Access must be explicit and auditable. Every system and person that can retrieve secrets must be explicitly authorized through RBAC. Every access must generate an audit event. When an auditor asks “who accessed this secret in the last 90 days,” you need an answer—not a shrug.
Rotation must be procedural, not heroic. When rotation depends on someone remembering to update a secret, it won’t happen reliably. Automated rotation for supported services. Monitoring and alerting for everything else. The goal is systems that fail safely when secrets expire, not systems that depend on human vigilance.
The teams that get this right aren’t necessarily more security-conscious than others. They’re the ones who understood that ISO 27017 controls exist for practical reasons—they codify lessons from decades of security failures into engineering requirements.

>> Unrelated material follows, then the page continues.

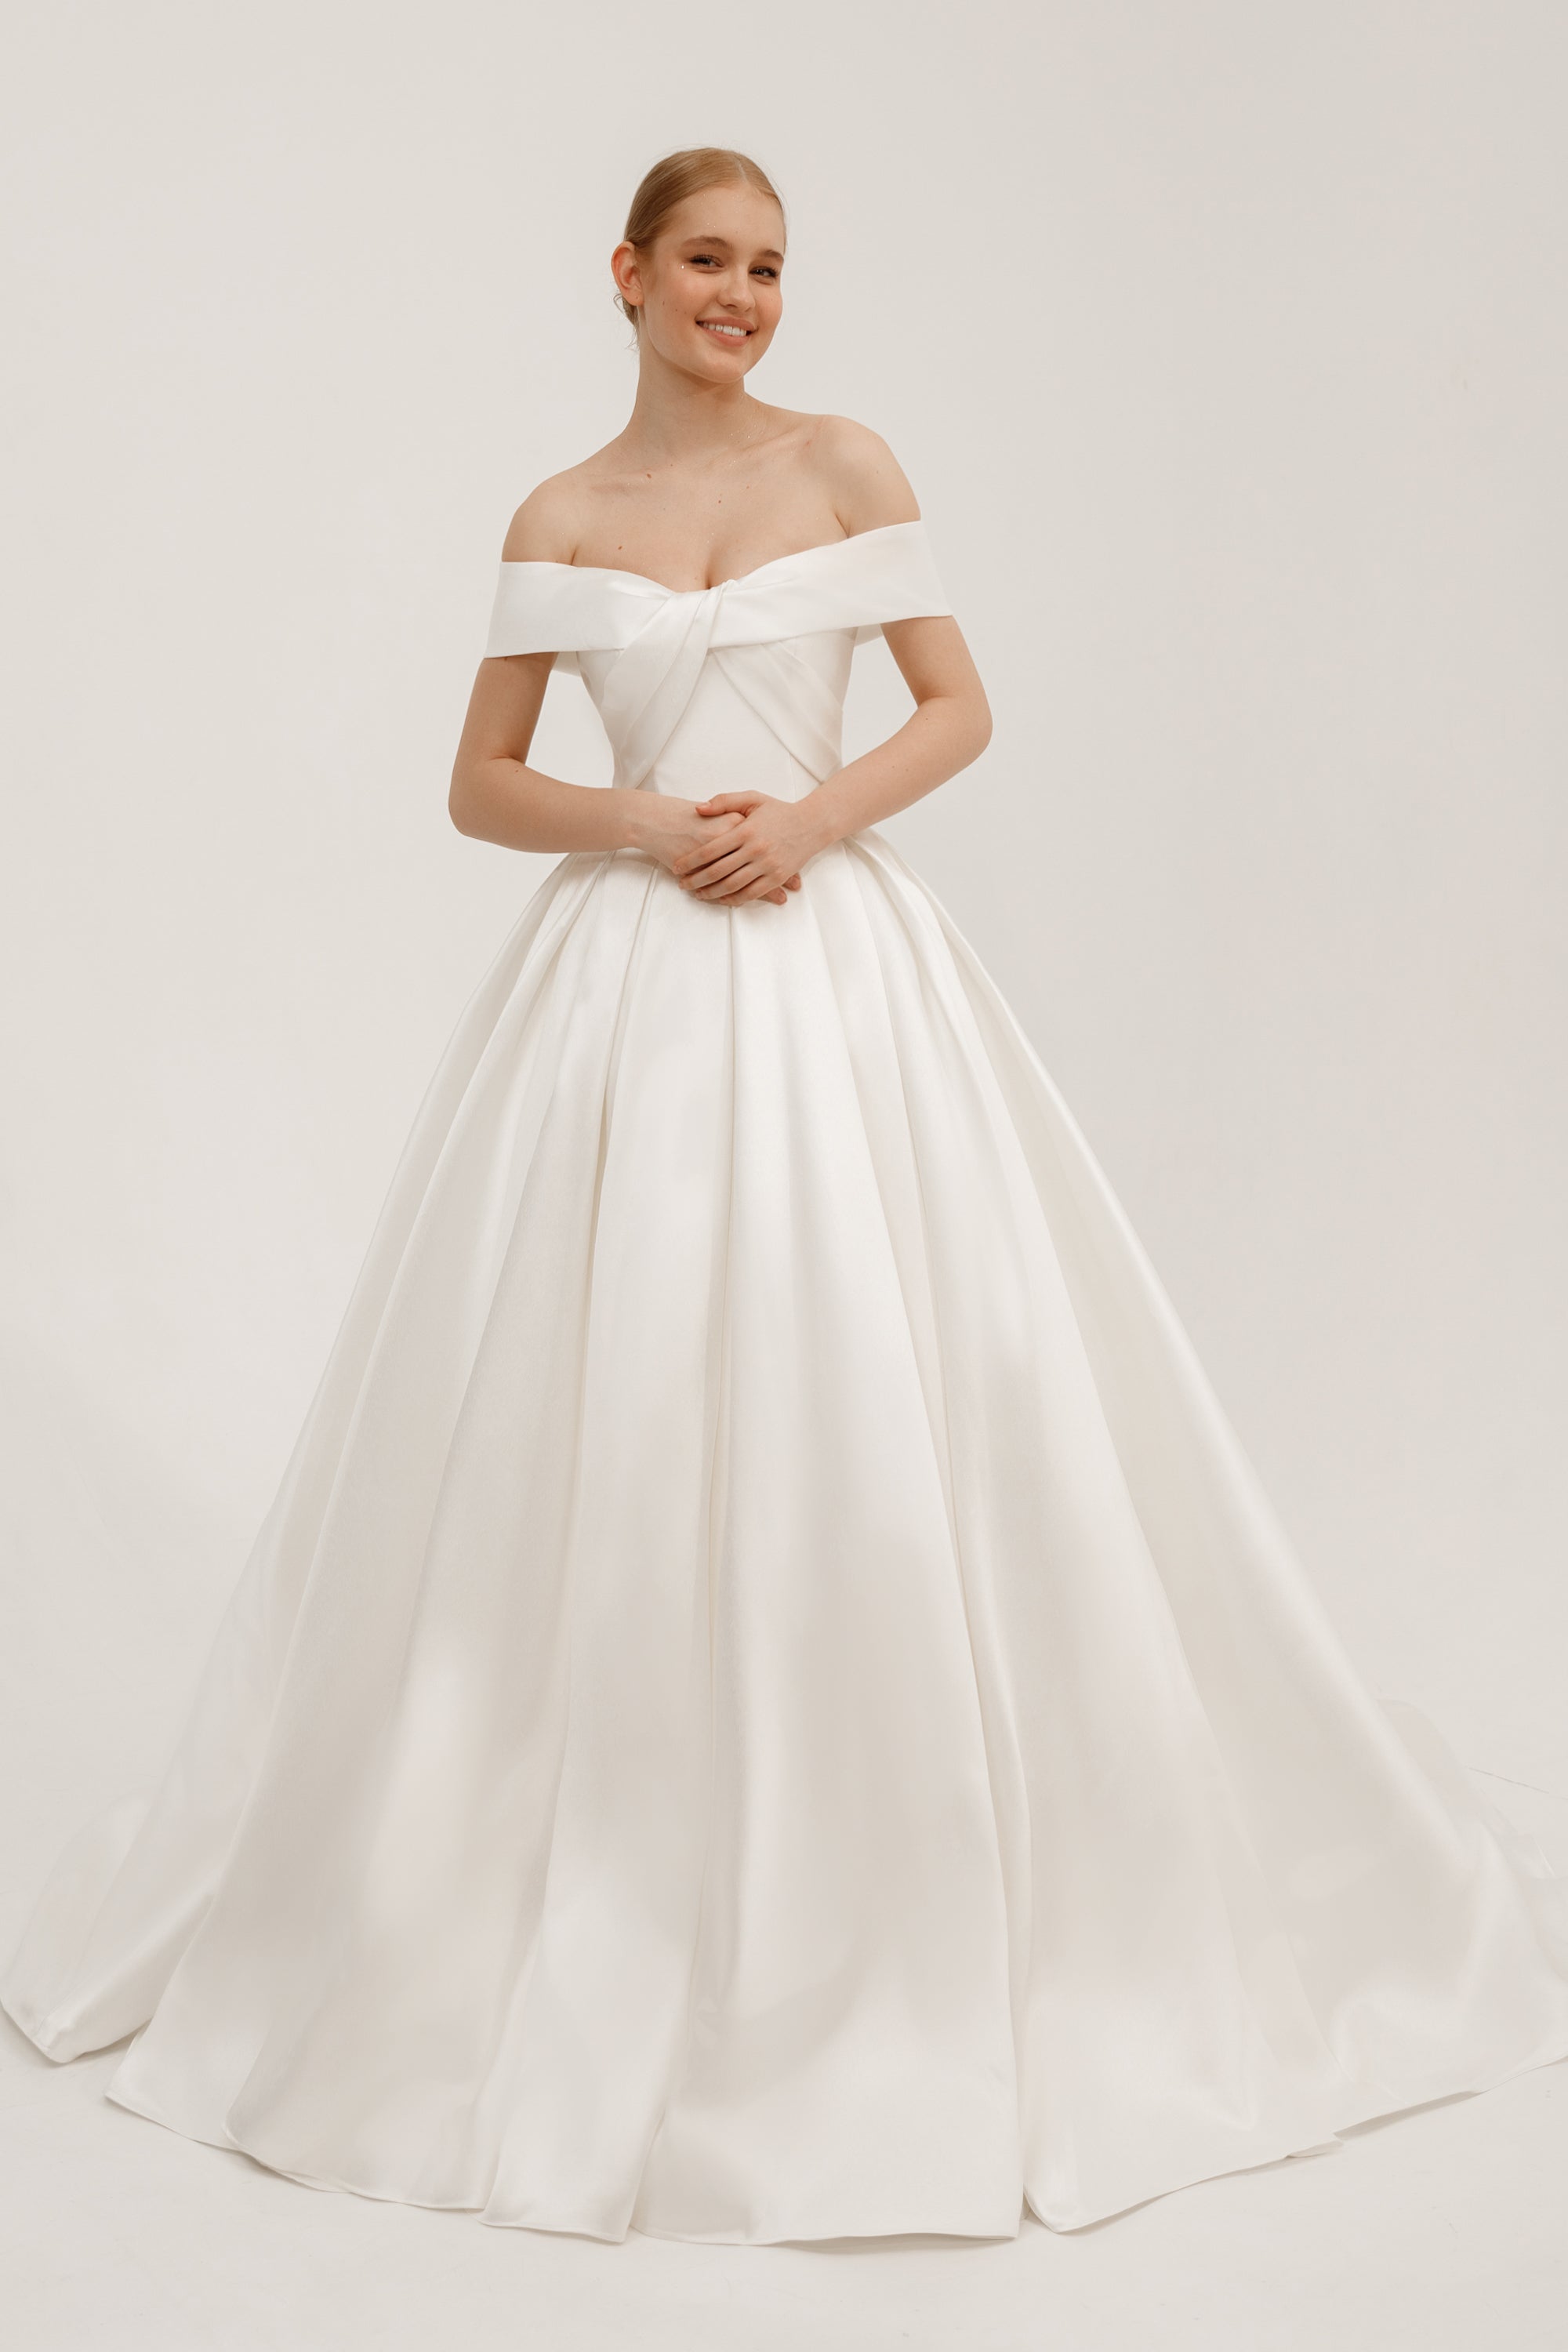 Satin Wedding Dress with Bow on Back: Your Dream Bridal Gown with a ...

Your appsettings.Production.json file shouldn’t contain secrets. Not because it’s a best practice. Not because some security checklist told you so. Because ISO 27017 controls CLD 10.1.2, A.10.1.1, and A.10.1.2 require cryptographic key protection that configuration files simply cannot provide.
Azure Key Vault, Managed Identity, and proper access controls aren’t optional security enhancements. They’re the minimum viable implementation of international compliance standards that your organization probably already claims to follow.
The shared responsibility model is clear: Microsoft secures the vault. You secure the access. Neither works without the other.